What you will do → Pictures stay out, but every line of the data is copied exactly.

Exercise data →
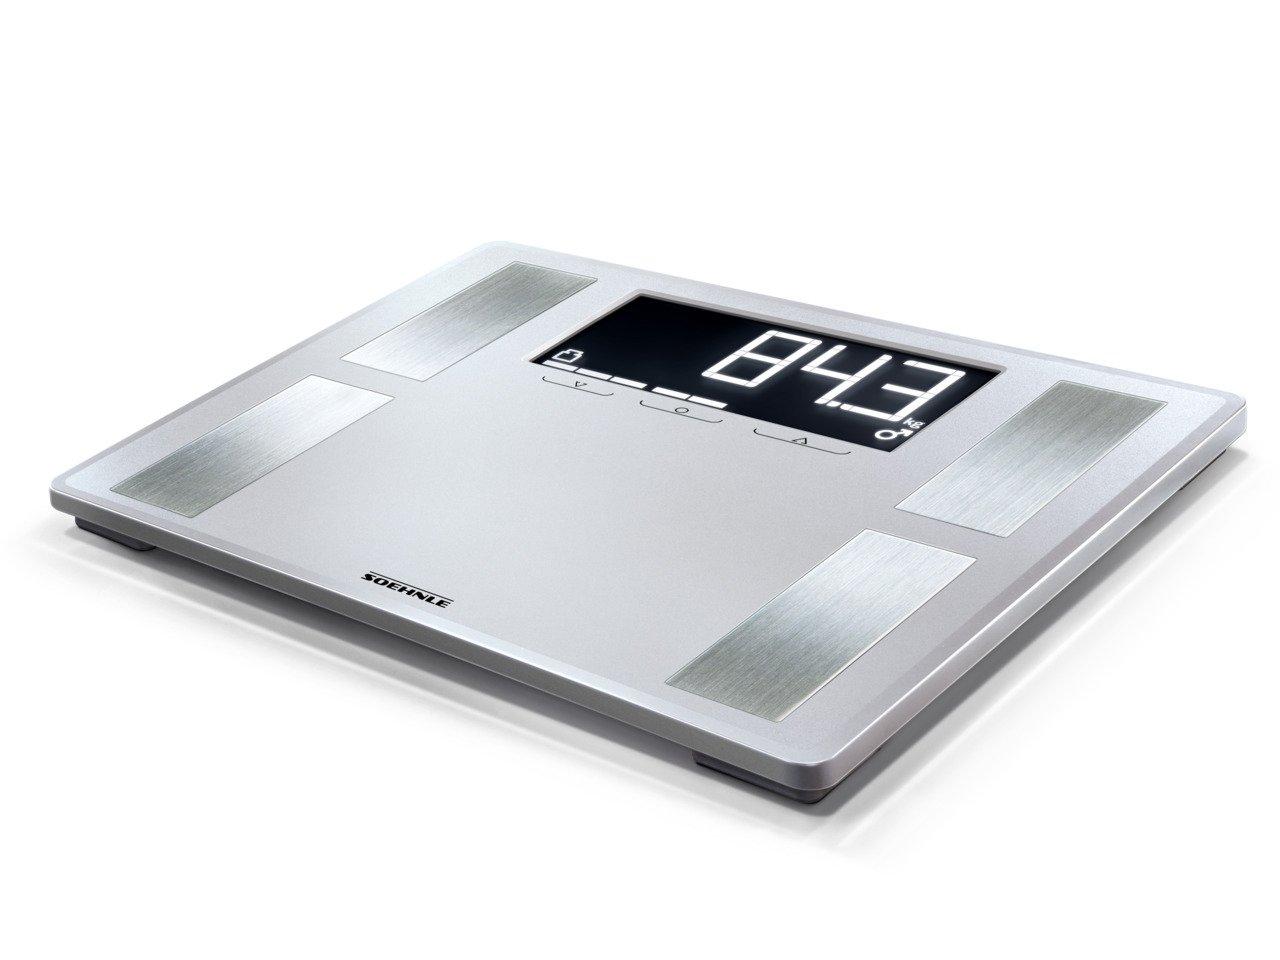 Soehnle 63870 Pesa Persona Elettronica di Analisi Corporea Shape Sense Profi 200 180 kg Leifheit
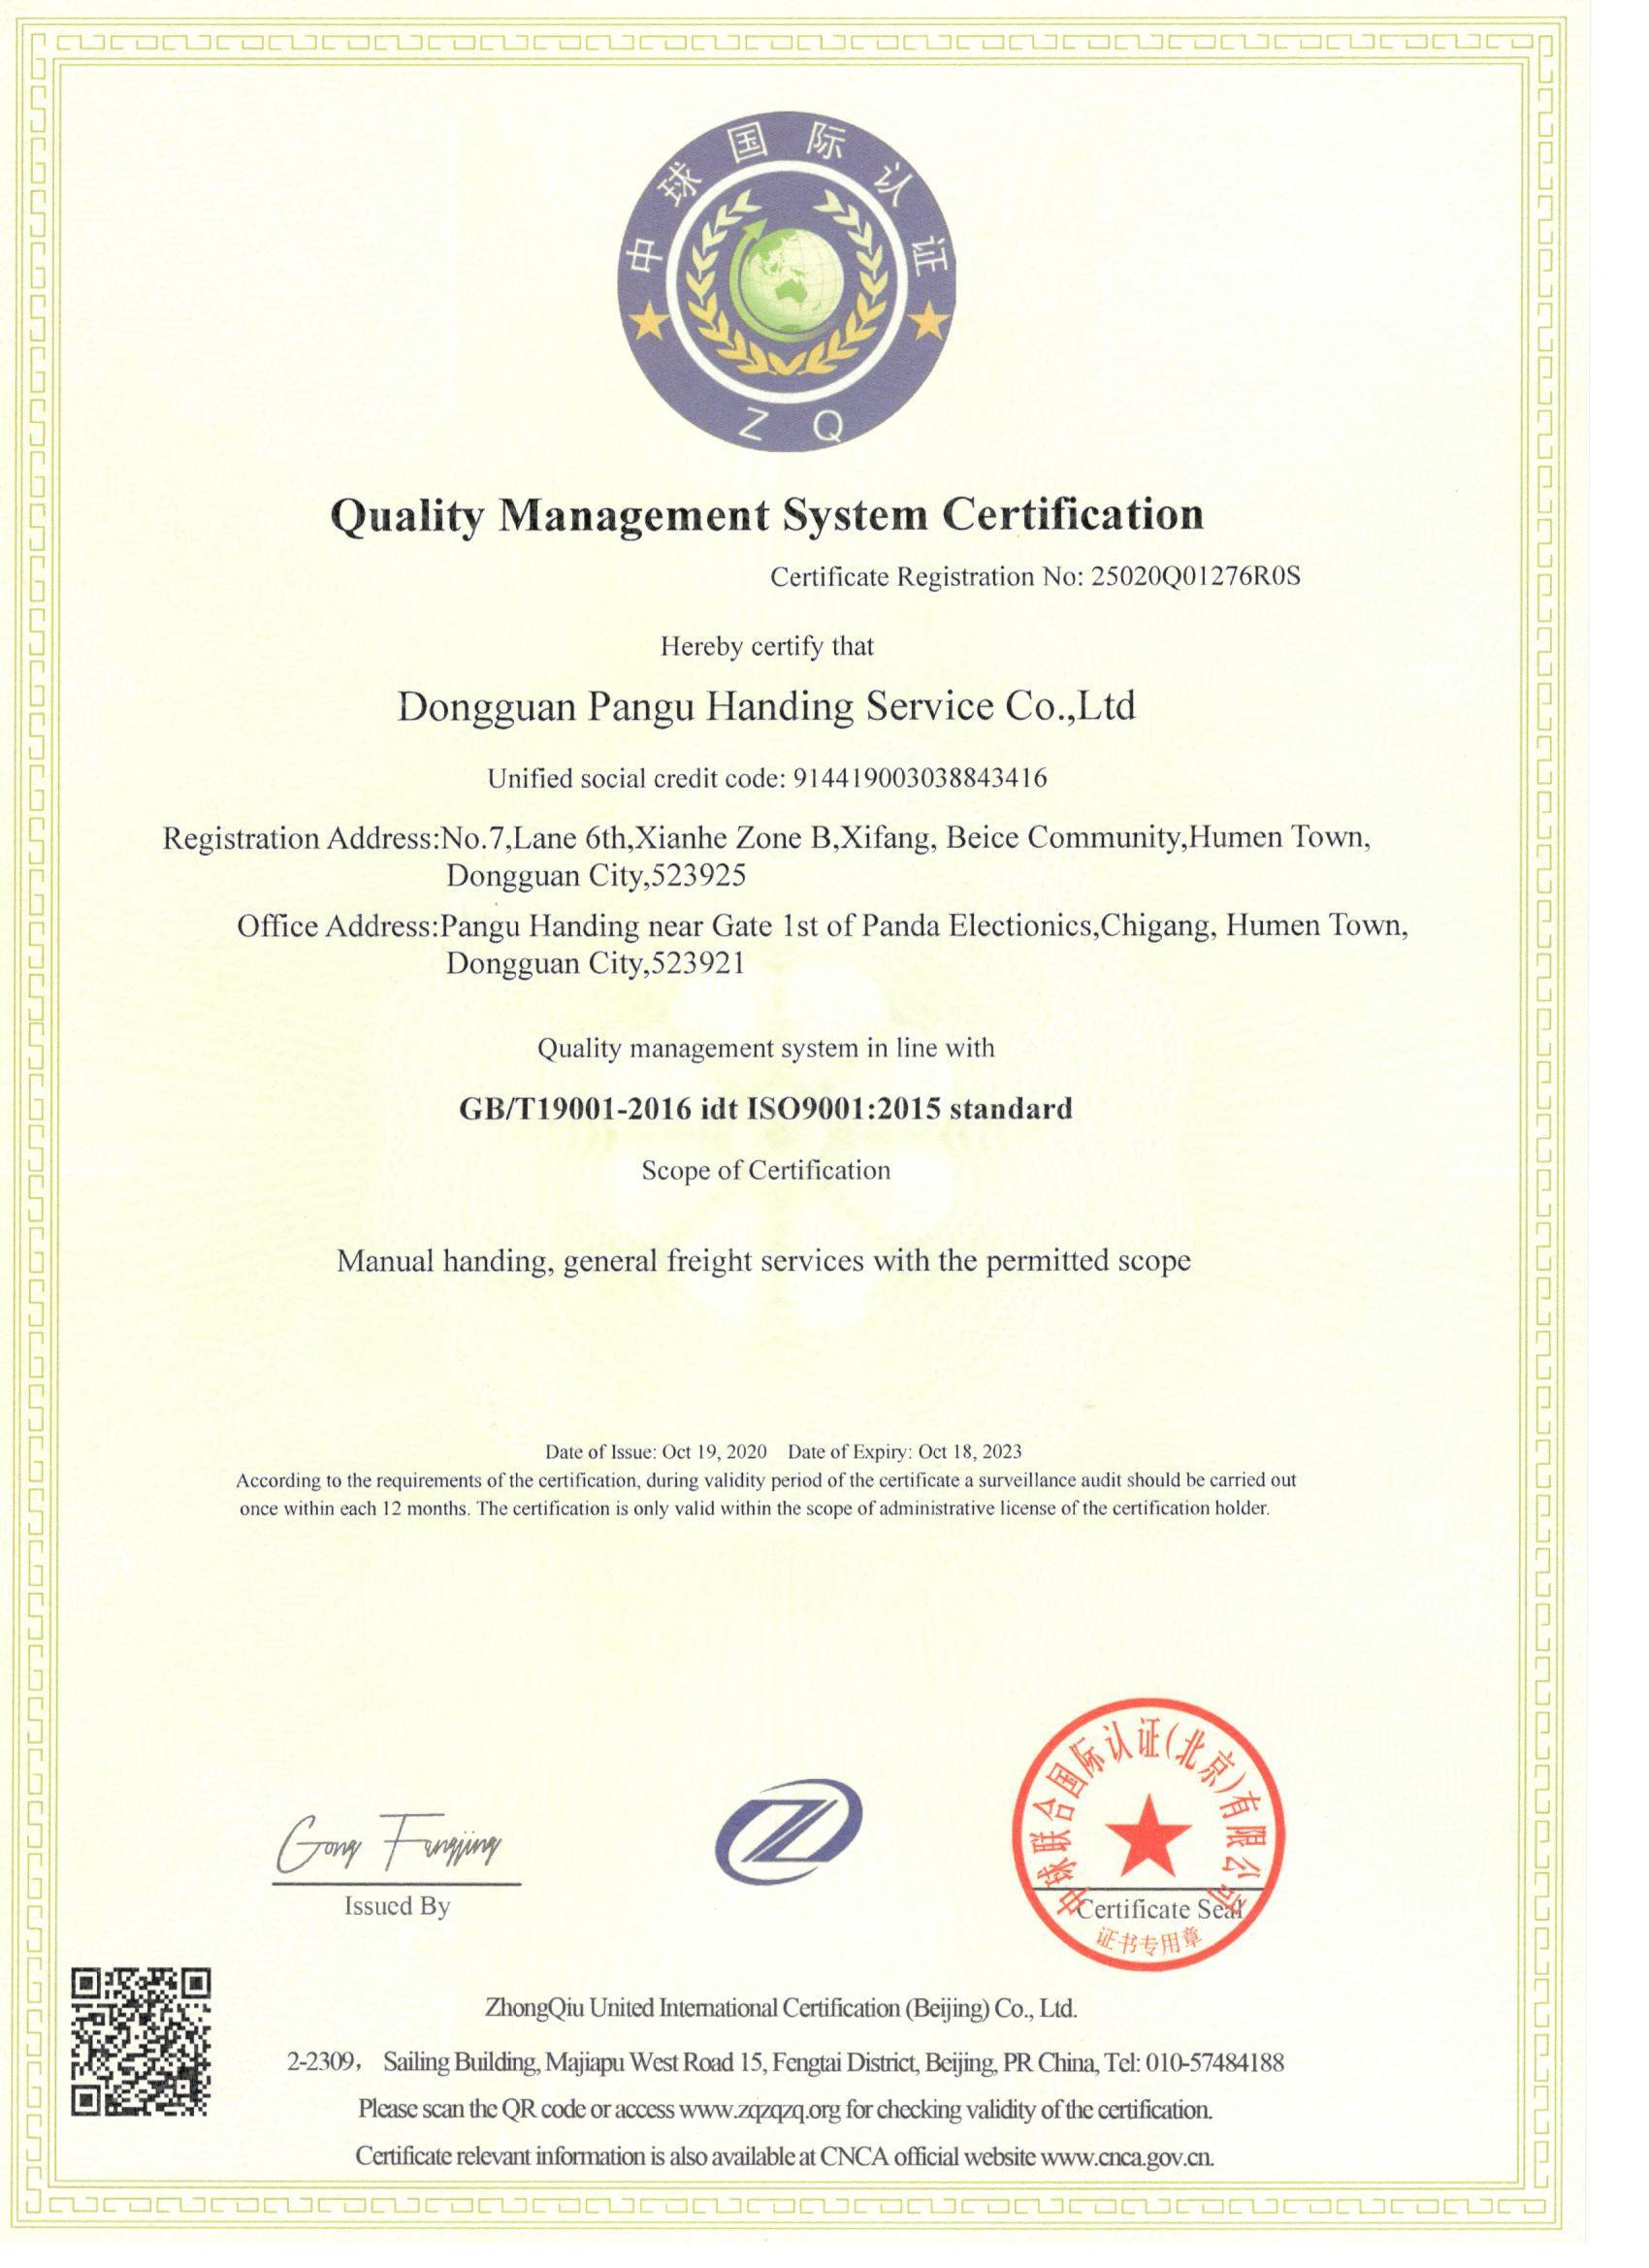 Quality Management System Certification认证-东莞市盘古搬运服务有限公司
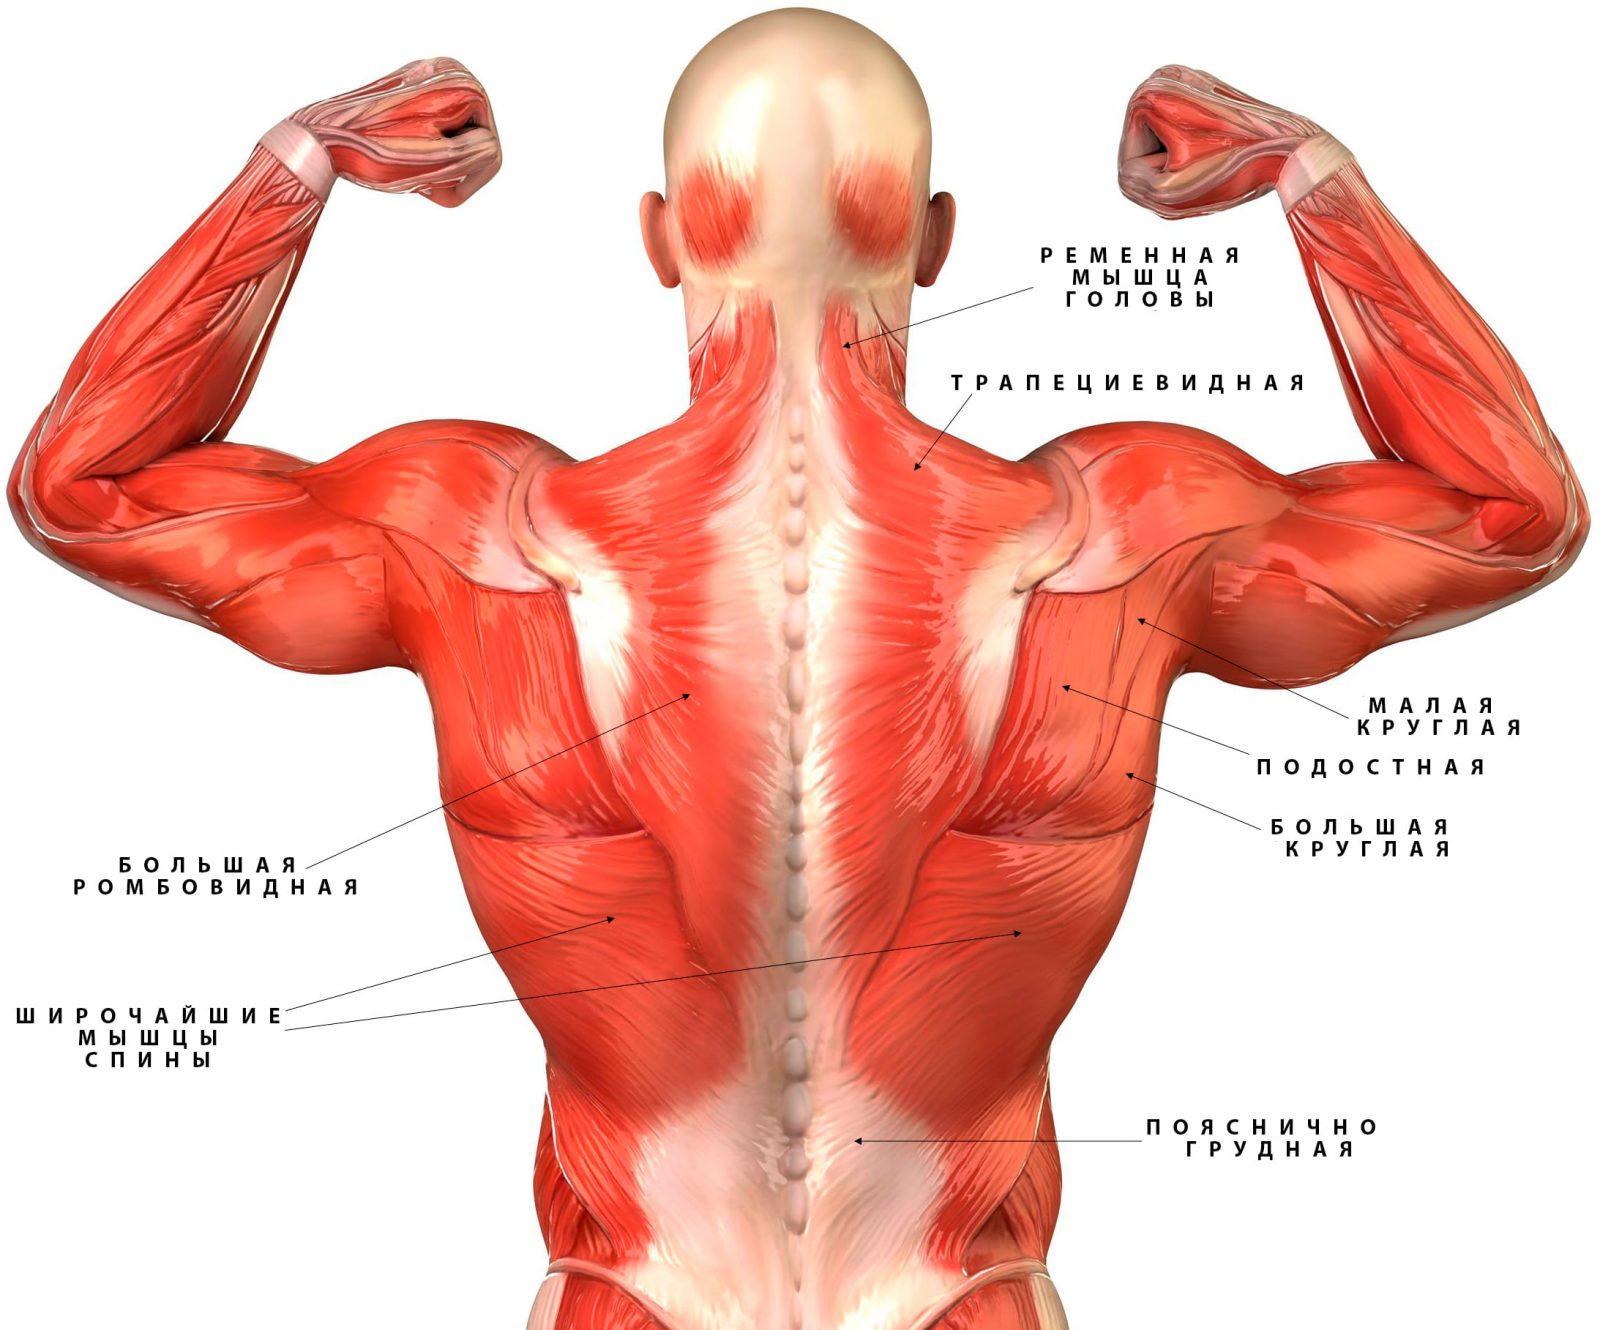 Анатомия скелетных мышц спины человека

Finished task →
 Soehnle 63870 Pesa Persona Elettronica di Analisi Corporea Shape Sense Profi 200 180 kg Leifheit
 Quality Management System Certification认证-东莞市盘古搬运服务有限公司
 Анатомия скелетных мышц спины человека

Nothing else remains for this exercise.